Using the listing below, set down exactly the lines from the one that contains "Strieborná minca 8,00" through the one that contains "Billede af RUND", with no pictures.

=== EXTRACTED INFORMATION ===

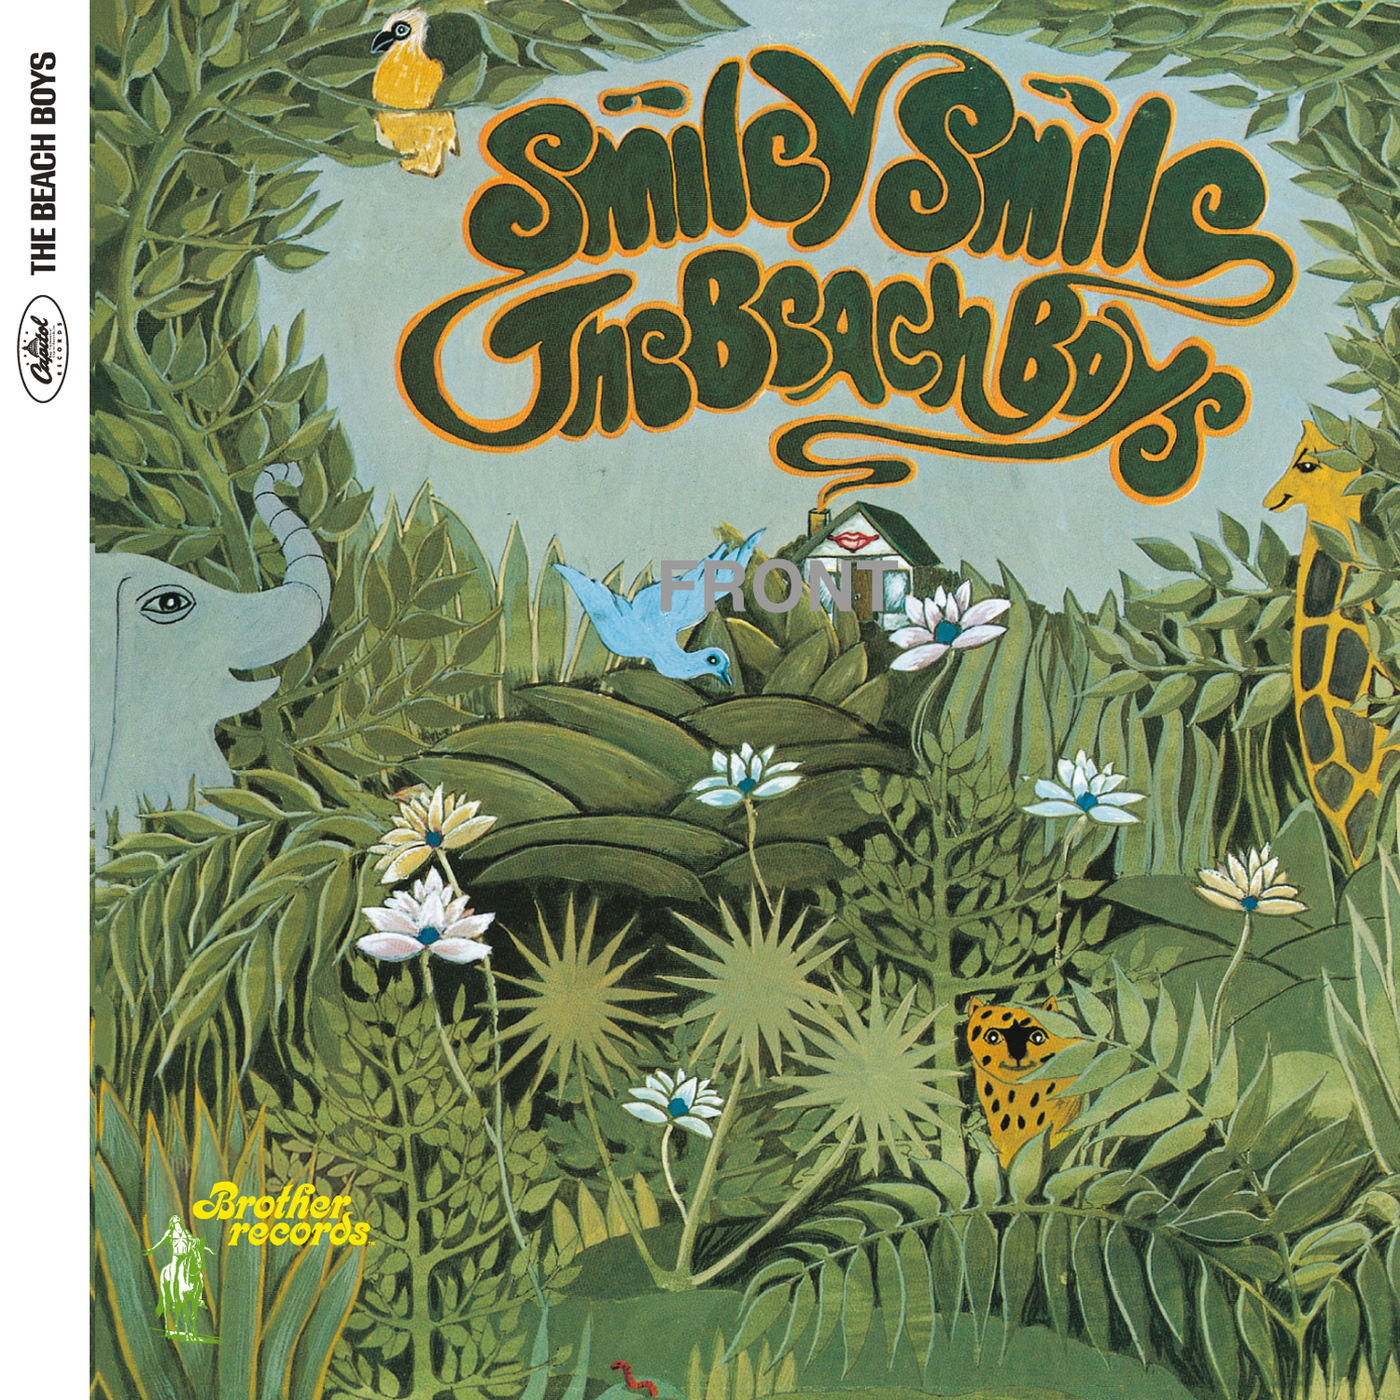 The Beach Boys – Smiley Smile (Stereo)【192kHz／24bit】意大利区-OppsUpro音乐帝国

===
=== EXTRACTED INFORMATION ===

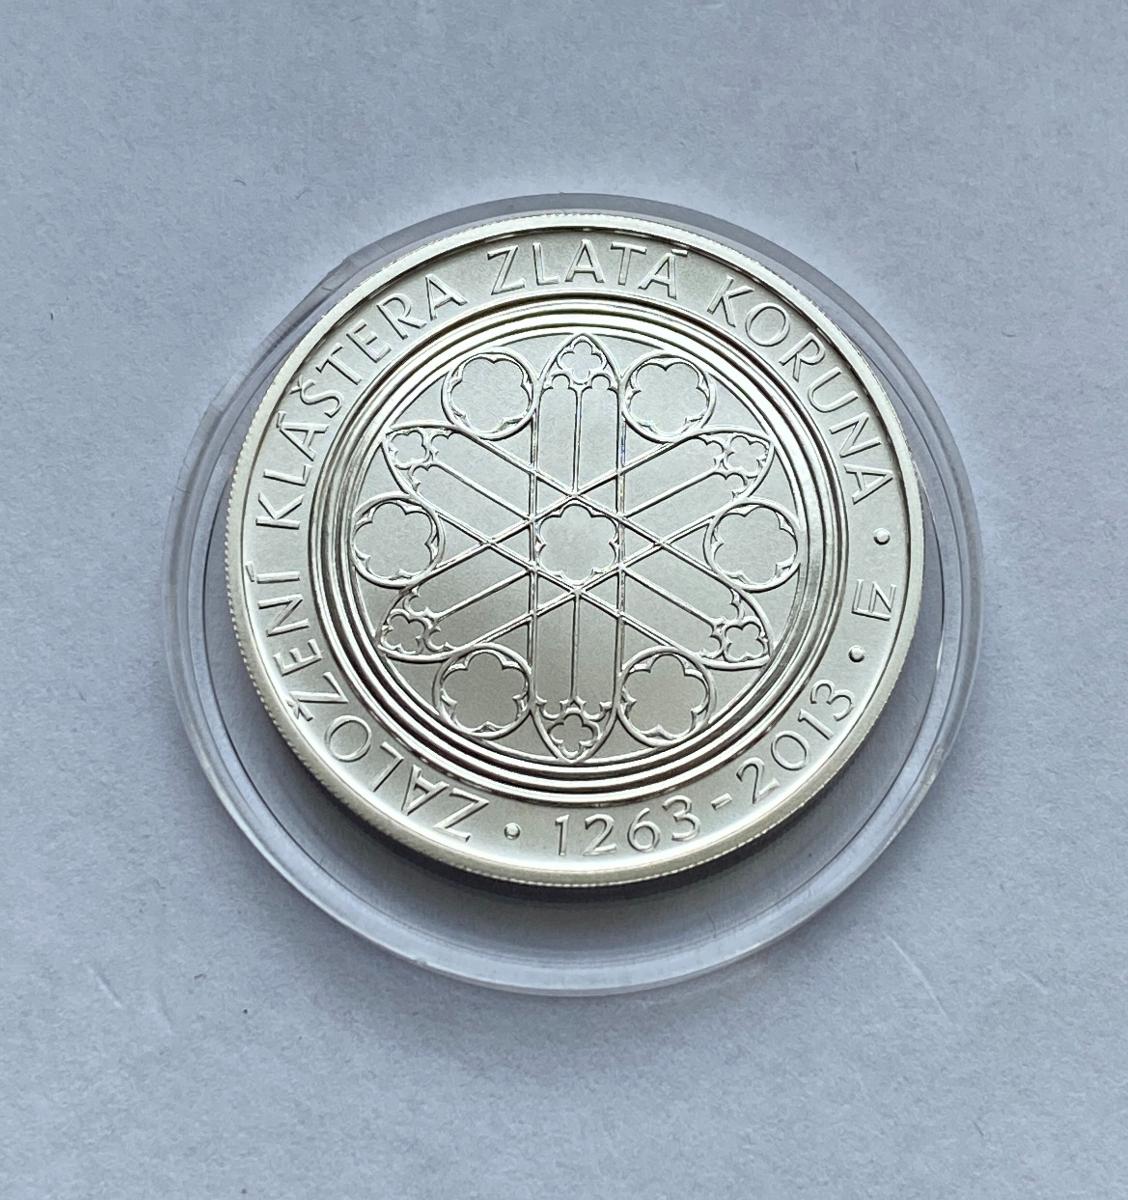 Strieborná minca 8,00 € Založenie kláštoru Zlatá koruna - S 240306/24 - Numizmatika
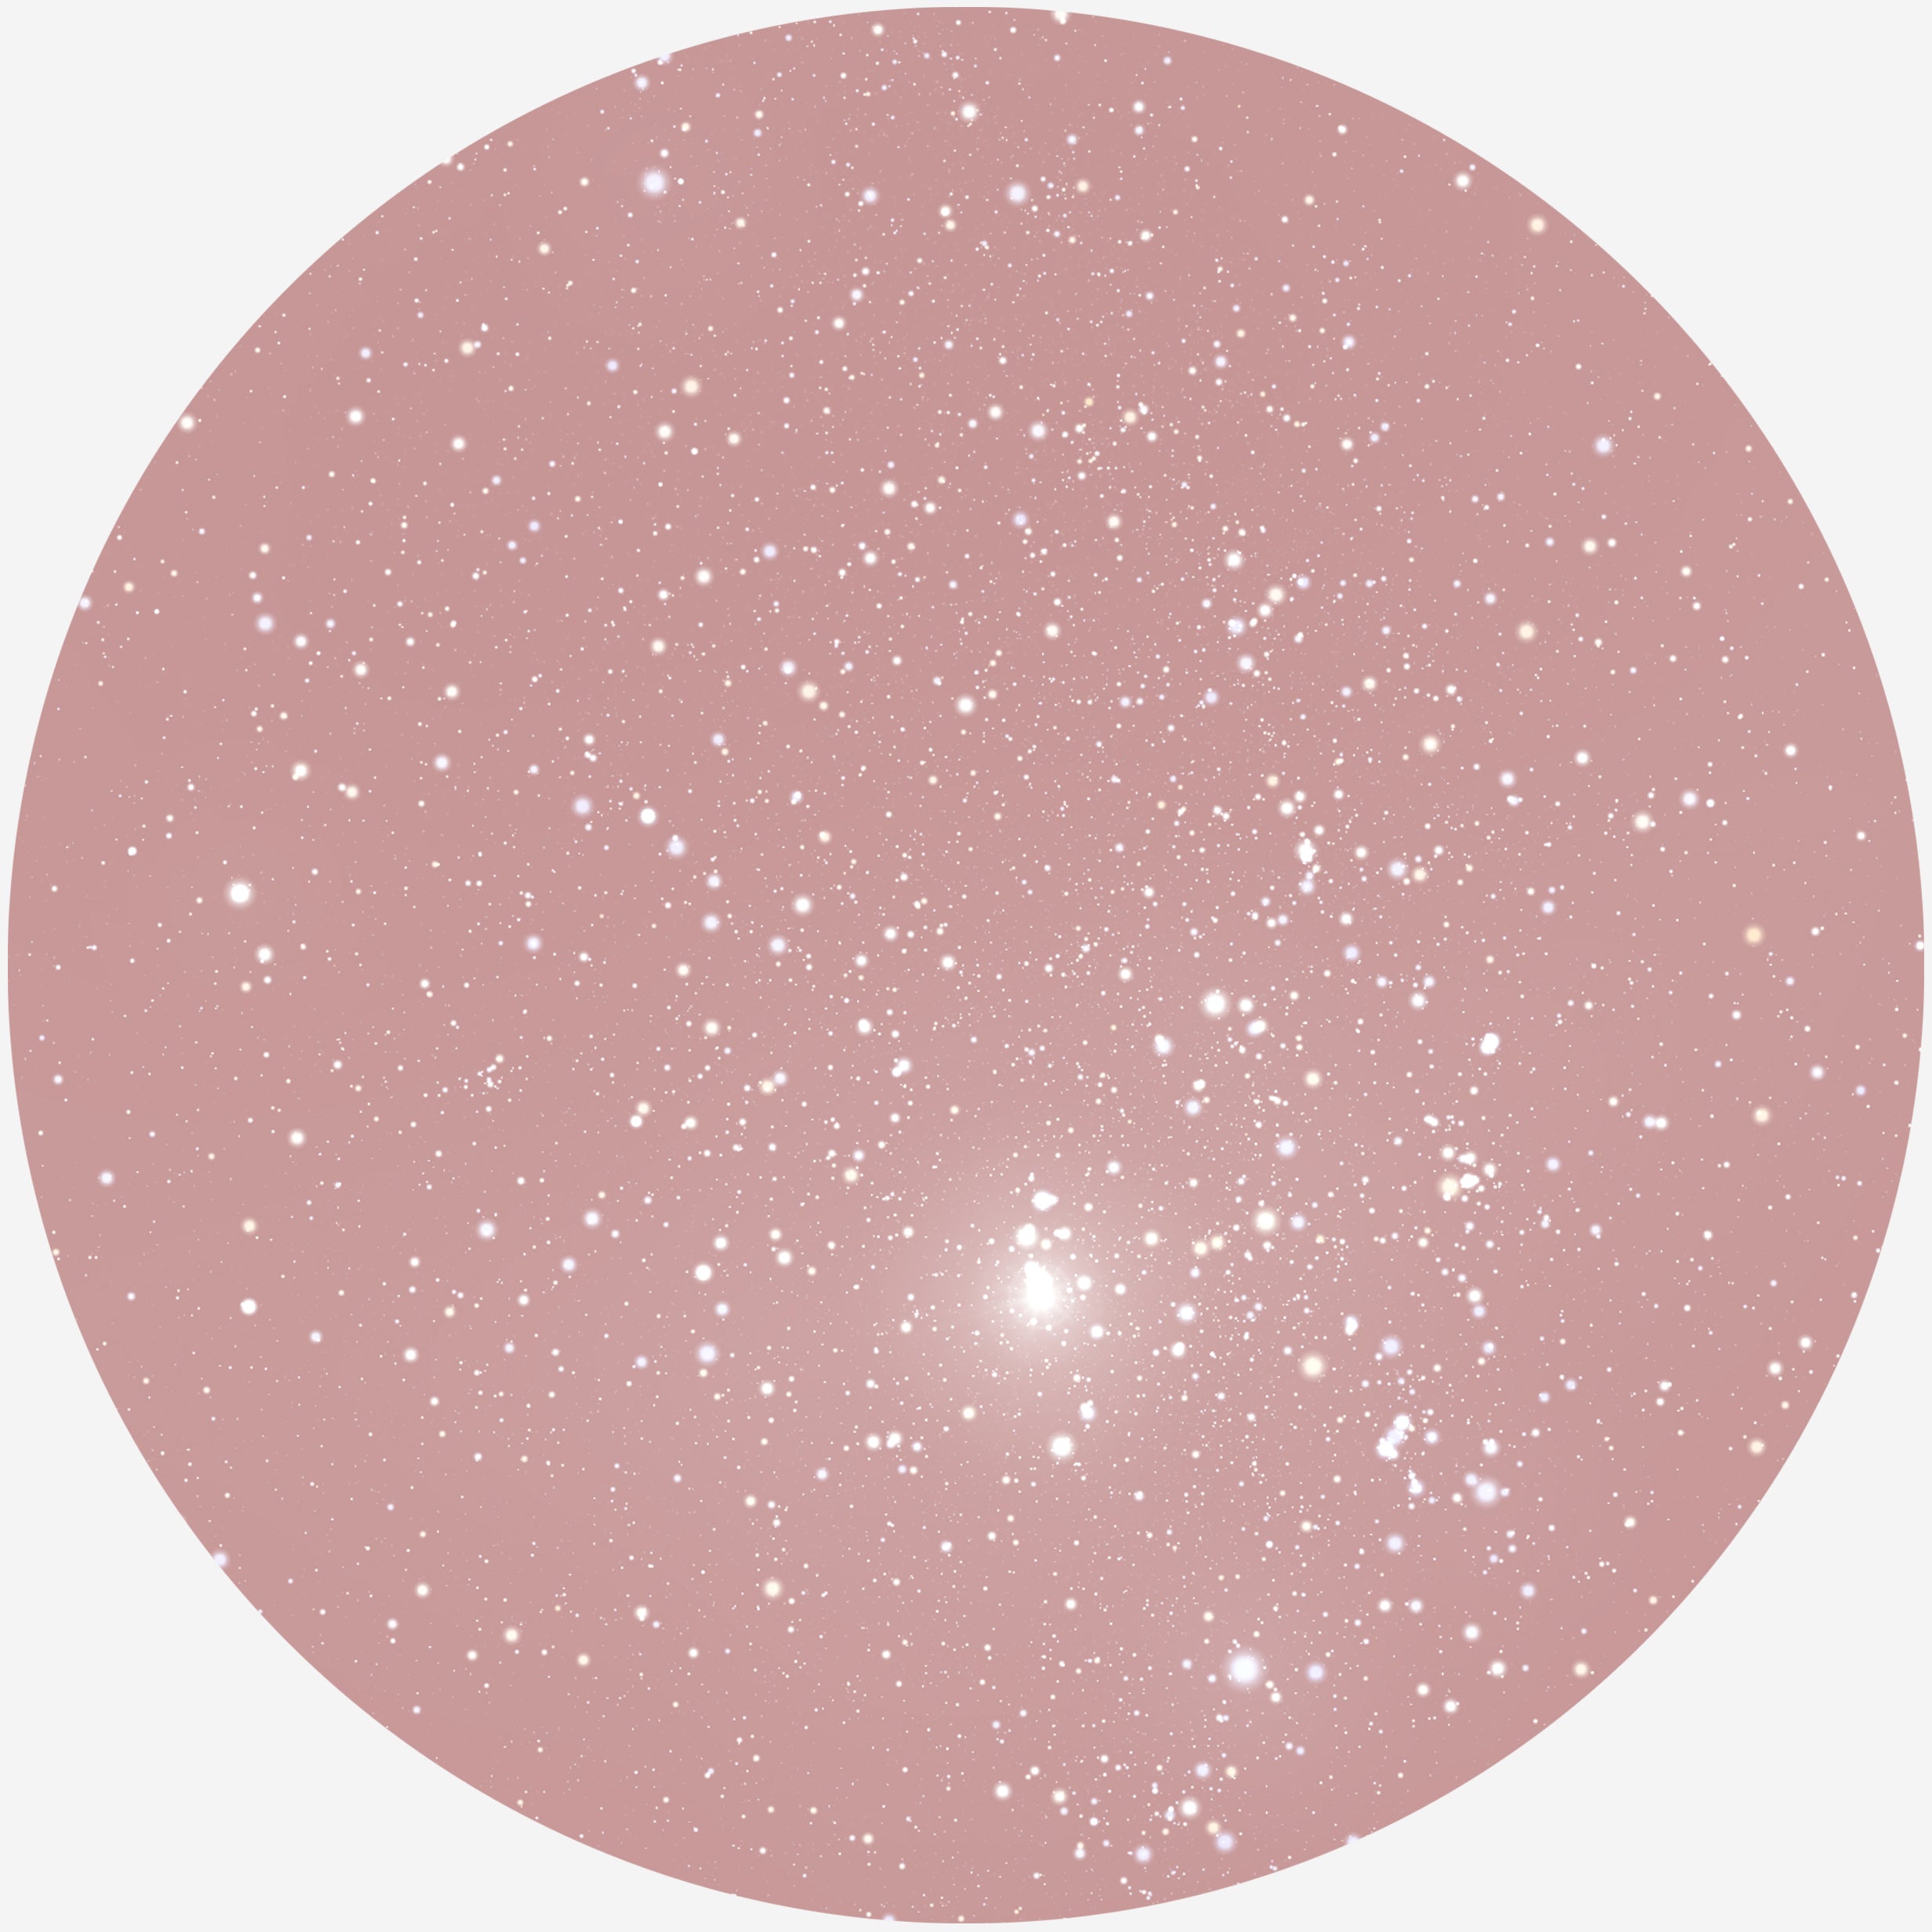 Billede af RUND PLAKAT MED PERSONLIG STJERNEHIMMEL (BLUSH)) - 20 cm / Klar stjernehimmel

===
=== EXTRACTED INFORMATION ===

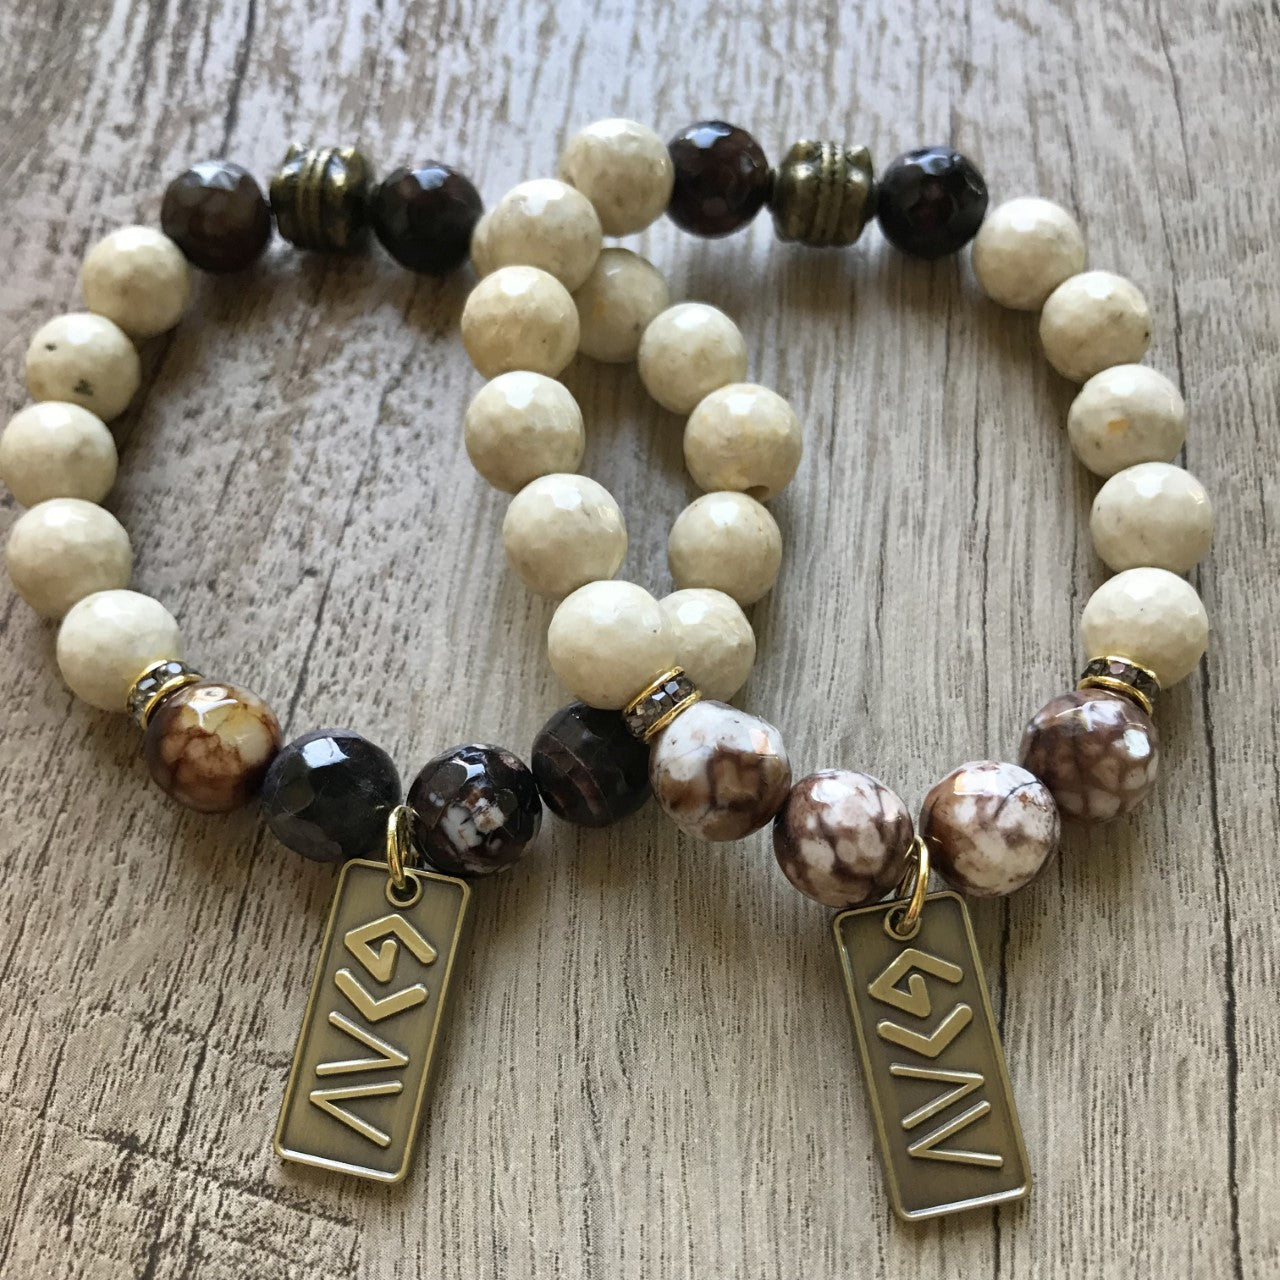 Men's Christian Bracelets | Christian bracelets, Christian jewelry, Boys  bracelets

===

### ANSWER FOR THE TASK
 Strieborná minca 8,00 € Založenie kláštoru Zlatá koruna - S 240306/24 - Numizmatika
 Billede af RUND PLAKAT MED PERSONLIG STJERNEHIMMEL (BLUSH)) - 20 cm / Klar stjernehimmel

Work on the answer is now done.